CS/IS 6742, Fall 2021: Natural Language Processing and Social Interaction.  Prof. Lillian Lee. Tu/Th 1:00-2:15pm, Phillips 403 Image source: http://en.wikipedia.org/wiki/The_School_of_Athens

More and more of life is now manifested online, and many of the digital traces that are left by human activity are increasingly recorded in natural-language format. This research-oriented course examines the opportunities for natural language processing to contribute to the analysis and facilitation of socially embedded processes. Possible topics include conversation modeling, analysis of group and sub-group language, language and social relations, persuasion and other causal effects of language.

Click on tabs just above to see information about enrollment/prerequisite policies, administrative info, overall course structure, resources, and so on.

Enrollment, prerequisites, related classes

Enrollment Limited to [[PhD and [CS MS] students] who meet the prerequisites]; PhD students not in CS/INFO will receive manual instructor permission to enroll (details to be arranged at lecture). Auditing (either officially or unofficially) is not permitted. These policies are to keep class meetings heavily discussion- and group-research-focused.

Prerequisites All of the following: (1) CS 2110 or equivalent programming experience; (2) a course in artificial intelligence or any relevant subfield (e.g., NLP, information retrieval, machine learning, Cornell CS courses numbered 47xx or 67xx); (3) proficiency with using machine learning tools (e.g., fluency at training an SVM or other classifier, comfort with assessing a classifier’s performance using cross-validation)

Related classes: see Cornell's NLP course list. Also GOVT 3294 Post-Truth Politics COMM 6750 Research Methods for Social Networks and Social Media, COMM 6770 Attitudes and Social Judgment

All prior runnings of CS/INFO 6742: 2019 fall :: 2018 fall :: 2017 fall :: 2016 fall :: 2015 fall :: 2014 fall :: 2013 fall :: 2011 spring

Administrative info

CMS https://cmsx.cs.cornell.edu. Site for submitting assignments, unless otherwise noted. Login with NetID credentials and select CS 6742. You may find this graphically-oriented guide to common operations useful: see how to replace a prior submission; how to tell if CMS successfully received your files; how to form a group.

Course discussion site https://edstem.org/us/courses/8208/discussion (access restricted to enrolled students). Course announcements and Q&A/discussion site. Social interaction and all that, you know.

Office hours and contact info See Prof. Lee's homepage and scroll to the section on Contact and availability info.

Grading Of most interest to is productive research-oriented discussion participation (in class and/or on the course discussion site, interesting research proposals and pilot studies, and a good-faith final research project.

Academic Integrity Academic and scientific integrity compels one to properly attribute to others any work, ideas, or phrasing that one did not create oneself. To do otherwise is fraud.

Certain points deserve emphasis here.

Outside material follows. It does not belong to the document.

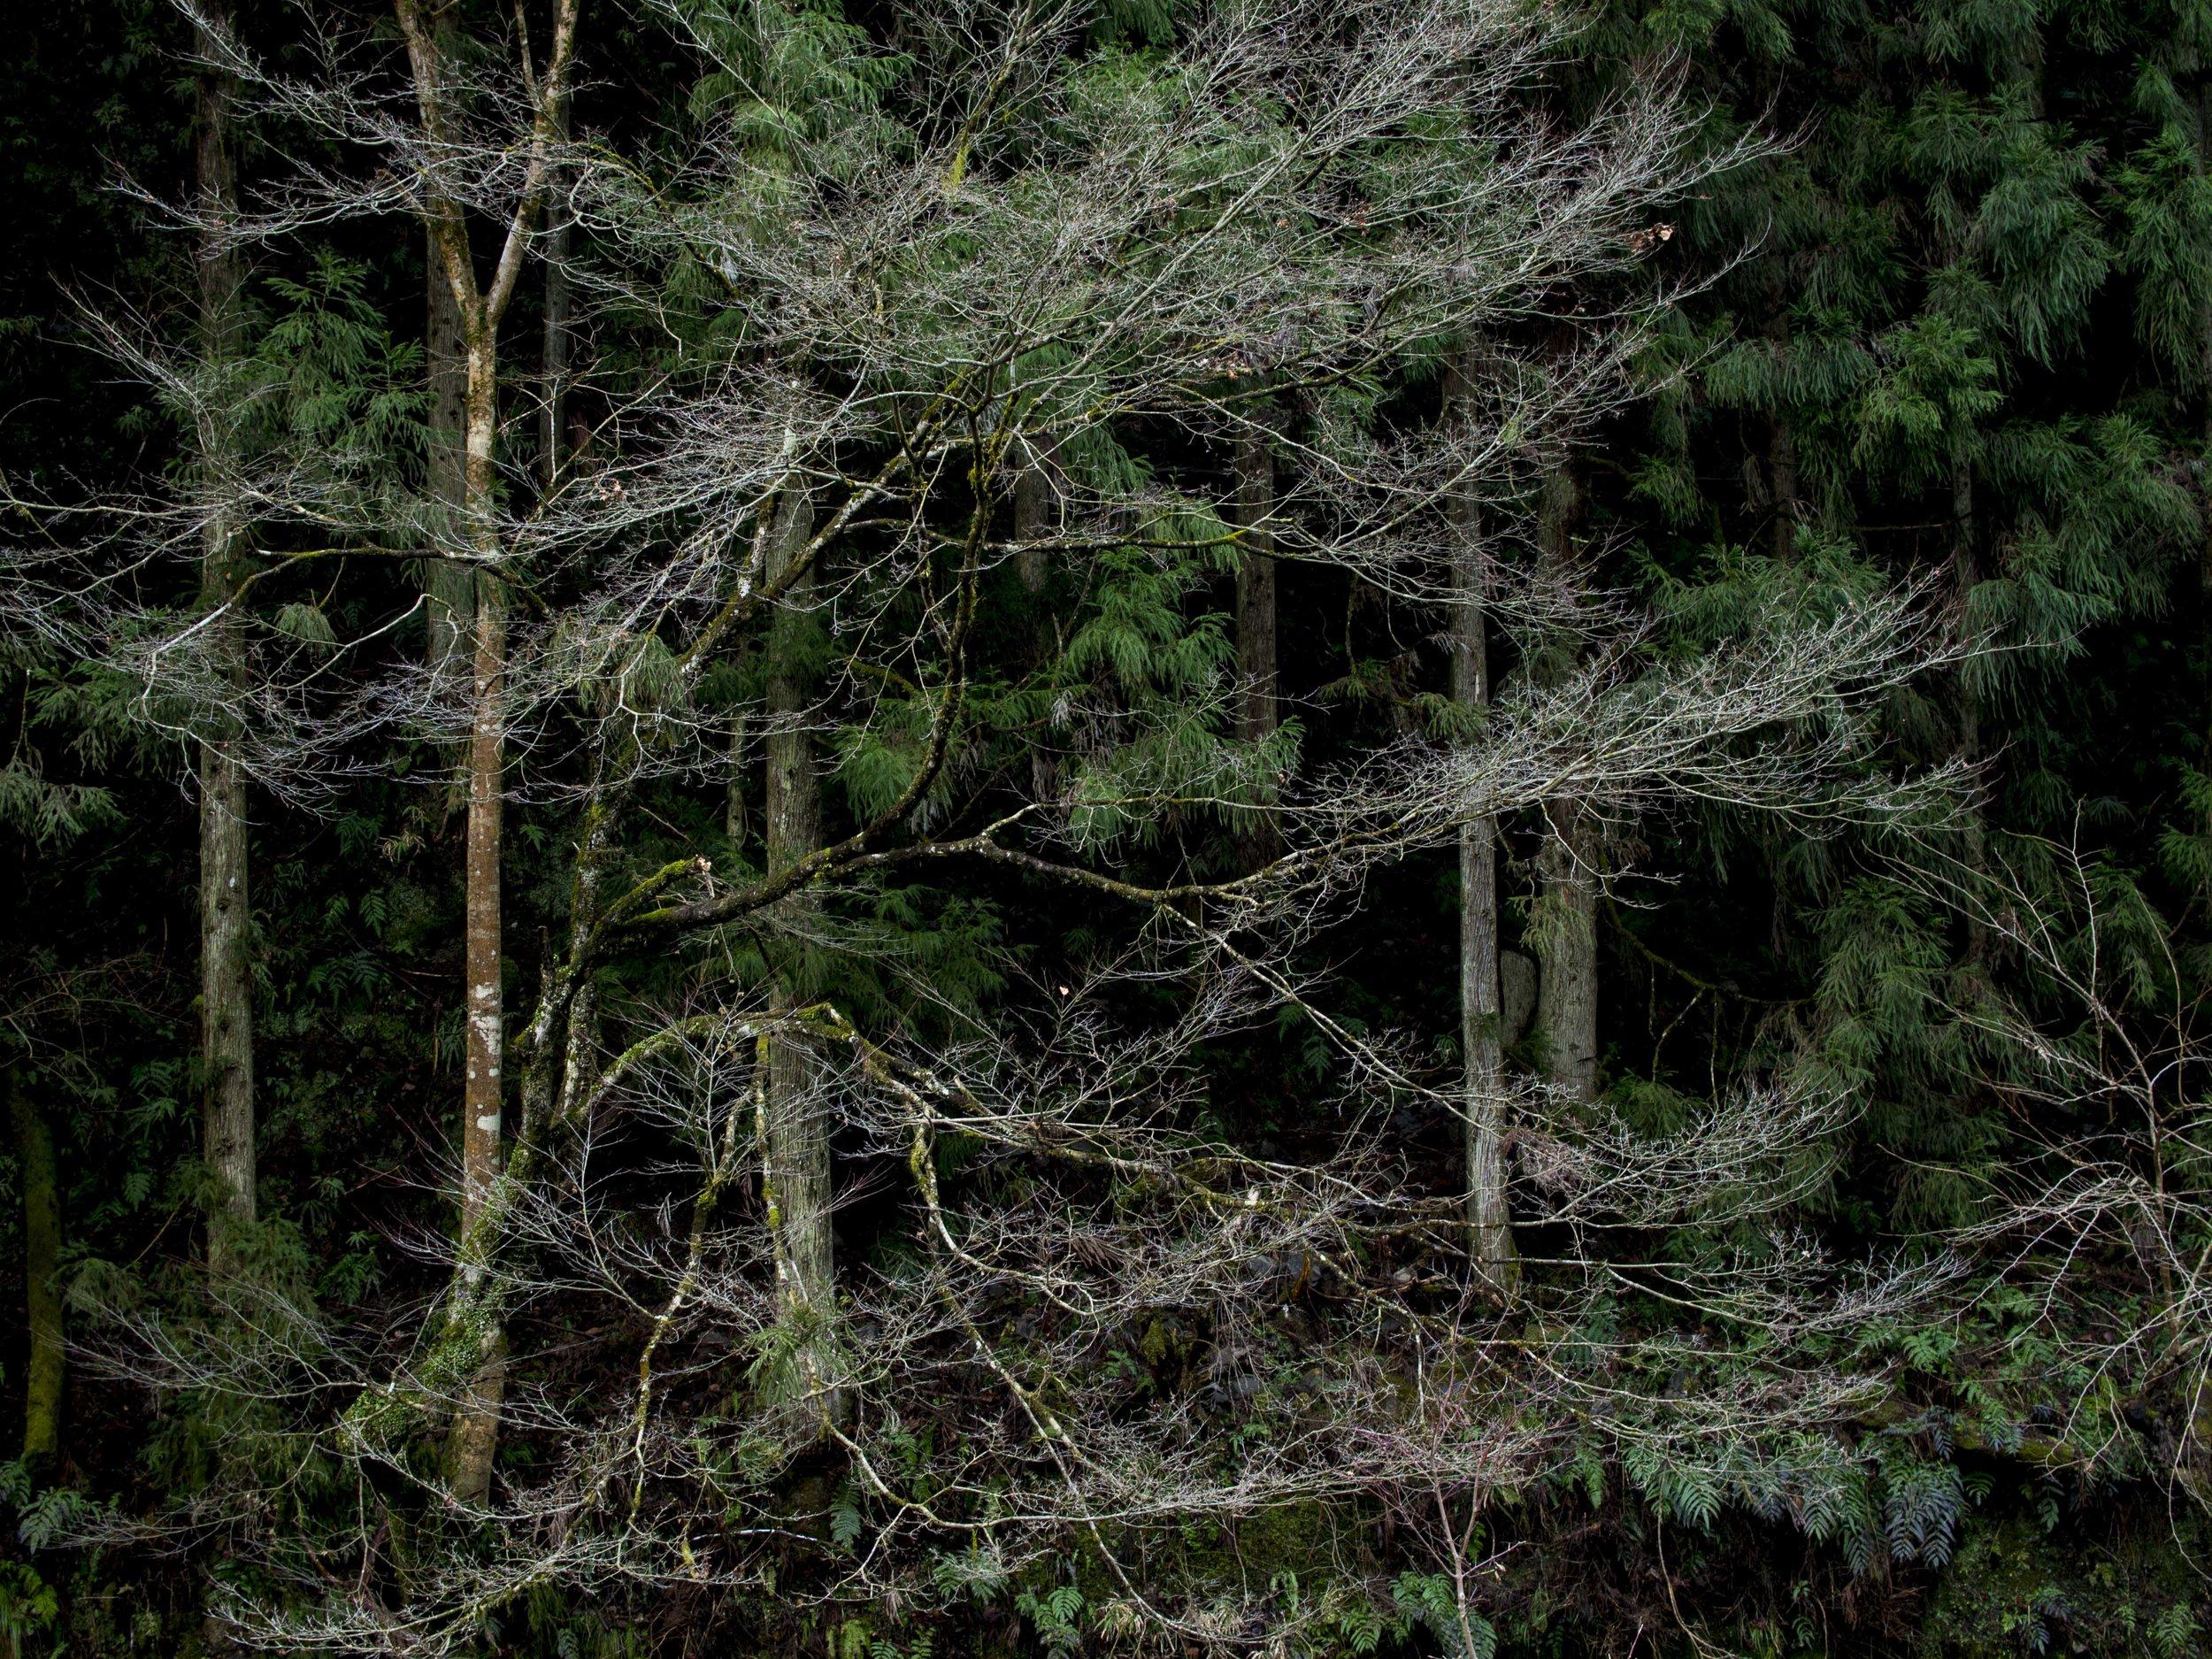 The Philosopher's trail Kyoto. EM5 25mm lens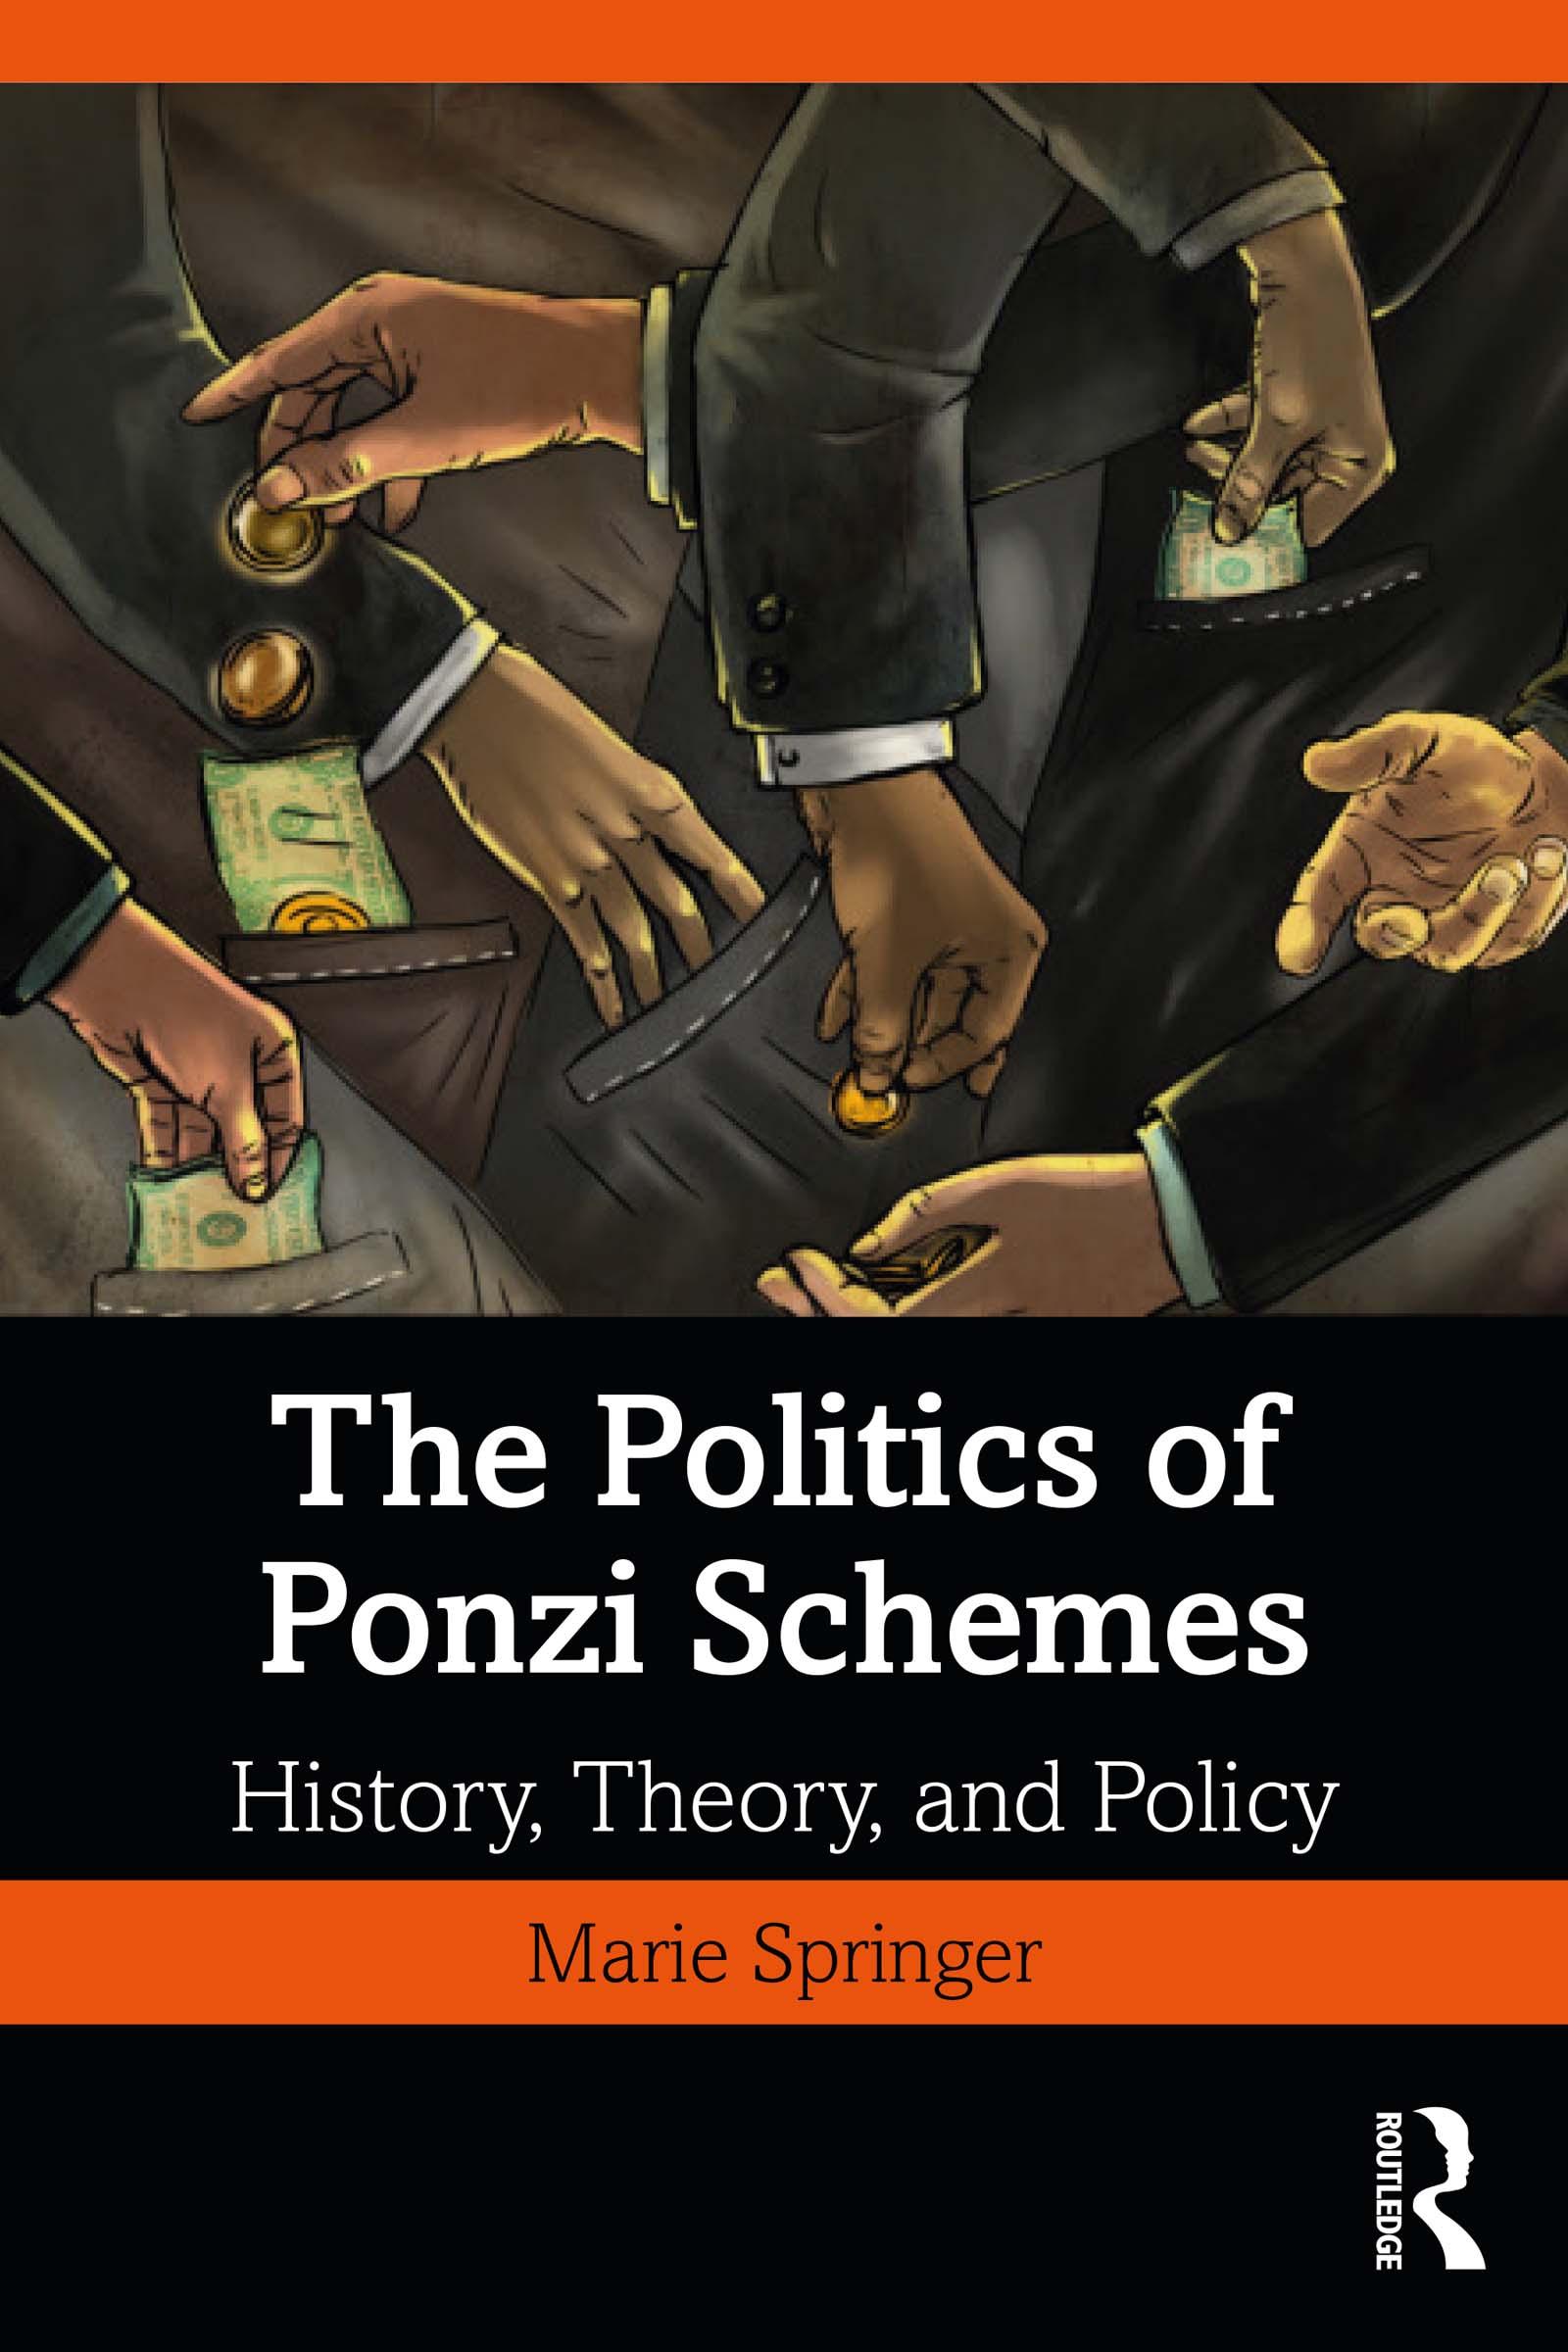 The Politics of Ponzi Schemes

In this class, talking to and helping others is strongly encouraged. You may also, with attribution, use the code from other sources. The easiest rule of thumb is, acknowledge the work and contributions and ideas and words and wordings of others. Do not copy or slightly reword portions of papers, Wikipedia articles, textbooks, other students' work, Stack Overflow answers, something you heard from a talk or a conversation or saw on the Internet, or anything else, really, without acknowledging your sources. See "Acknowledging the Work of Others" in The Essential Guide to Academic Integrity at Cornell and http://www.theuniversityfaculty.cornell.edu/AcadInteg/ for more information and useful examples.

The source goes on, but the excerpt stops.